Dwayne Johnson Beat Puppy to Death with Flashlight So His Girlfriend Couldn’t Have Him



​How an ex-con who stands 6-foot-1 and weighs 530 pounds gets a girlfriend, we’re not sure. But Dwayne R. Johnson of Madison, Wisconsin apparently had one, and he was arguing with her over money when the beef turned to who got custody of their puppy…

Since Dwayne R. Johnson is a huge dickhead, you would be correct in assuming his 6-week-old dog was a pit bull. Why do dickheads always own pit bulls? Penis extension, my friends.

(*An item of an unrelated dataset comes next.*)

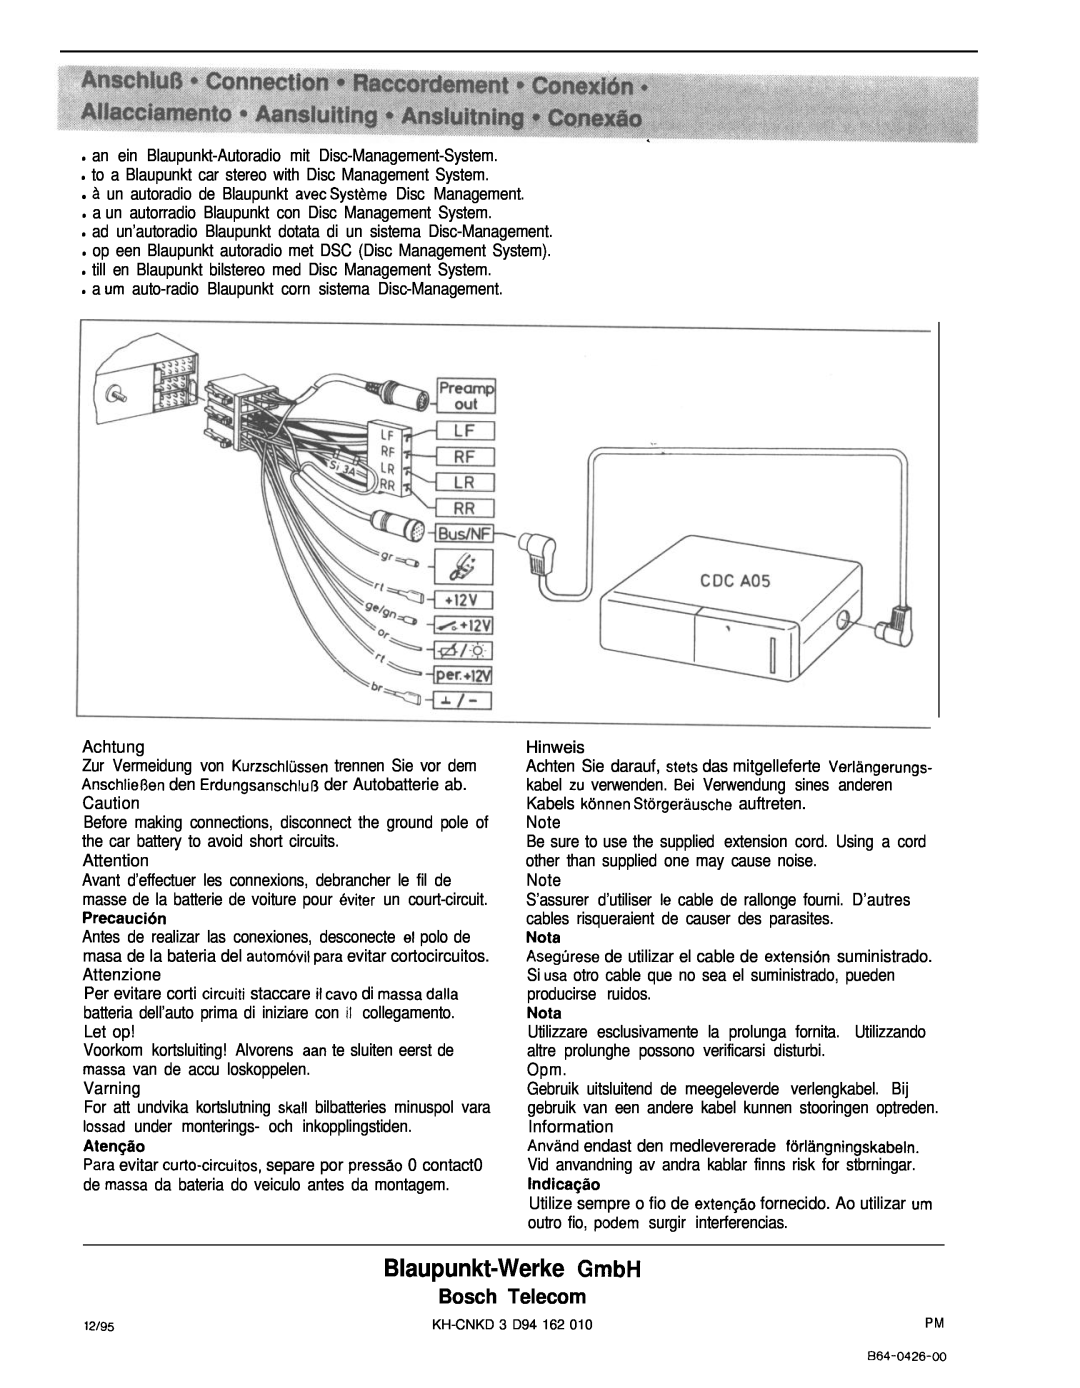 Blaupunkt A 05 manual Blaupunkt-WerkeGmbH, Bosch Telecom 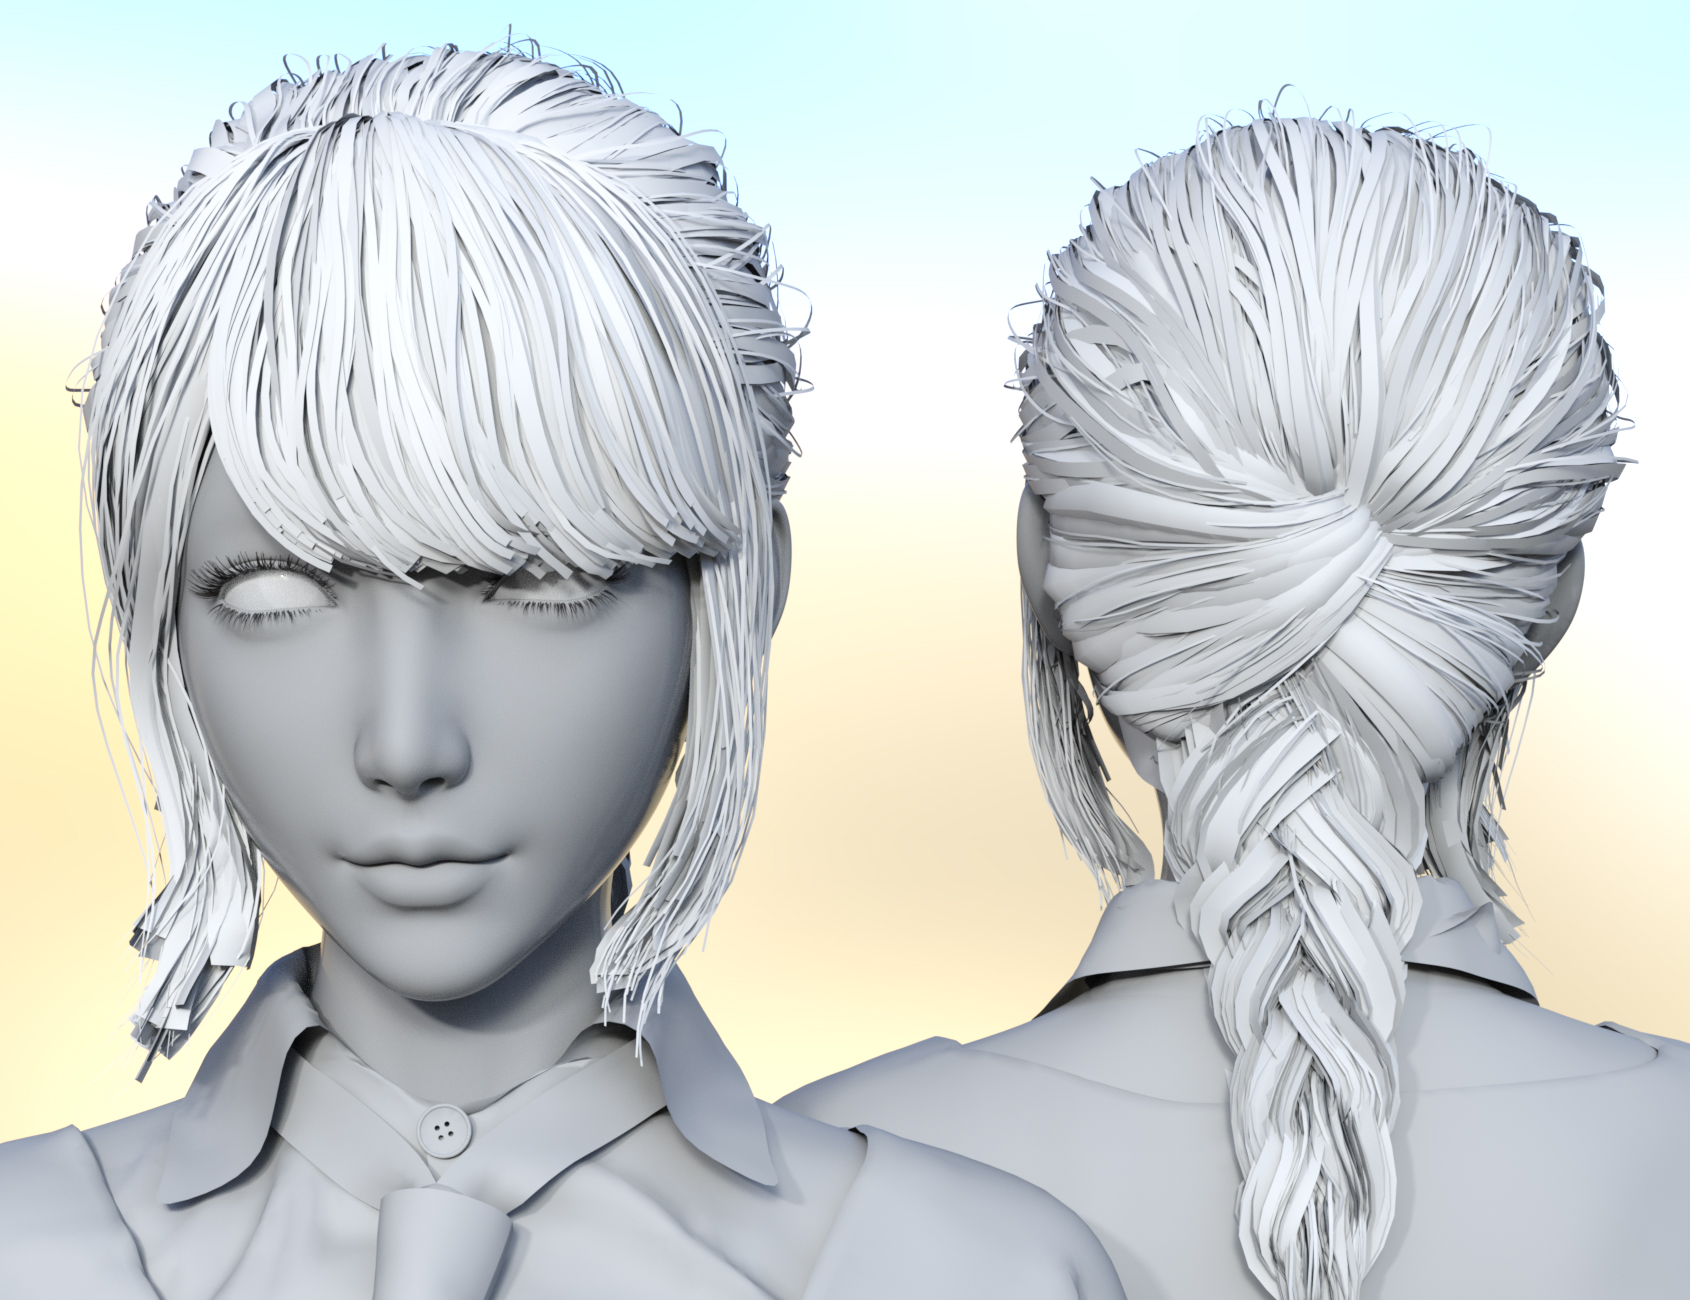 Gu Yu and Gu Yu Hair for Genesis 8.1 Female by: Crocodile Liu, 3D Models by Daz 3D

Neighbors were too afraid of the portly poker to intervene in the vicious attack

​Anyway, it seems Johnson wanted to keep the puppy. But the girlfriend wanted it as well. So Johnson told her that if he couldn’t have it, no one could. That’s when he decided to beat the puppy to death with a flashlight last month, then chuck it in a dumpster.

Neighbors who witnessed the attack were too scared to call police, since Johnson is a massive porker. But someone apparently gathered the stones to call the cops and report the incident.

Johnson is now in jail for mistreatment of an animal causing death. Johnson also has a 1997 conviction for false imprisonment. A veterinarian said the dog died from head trauma and fractured ribs that punctured its lungs.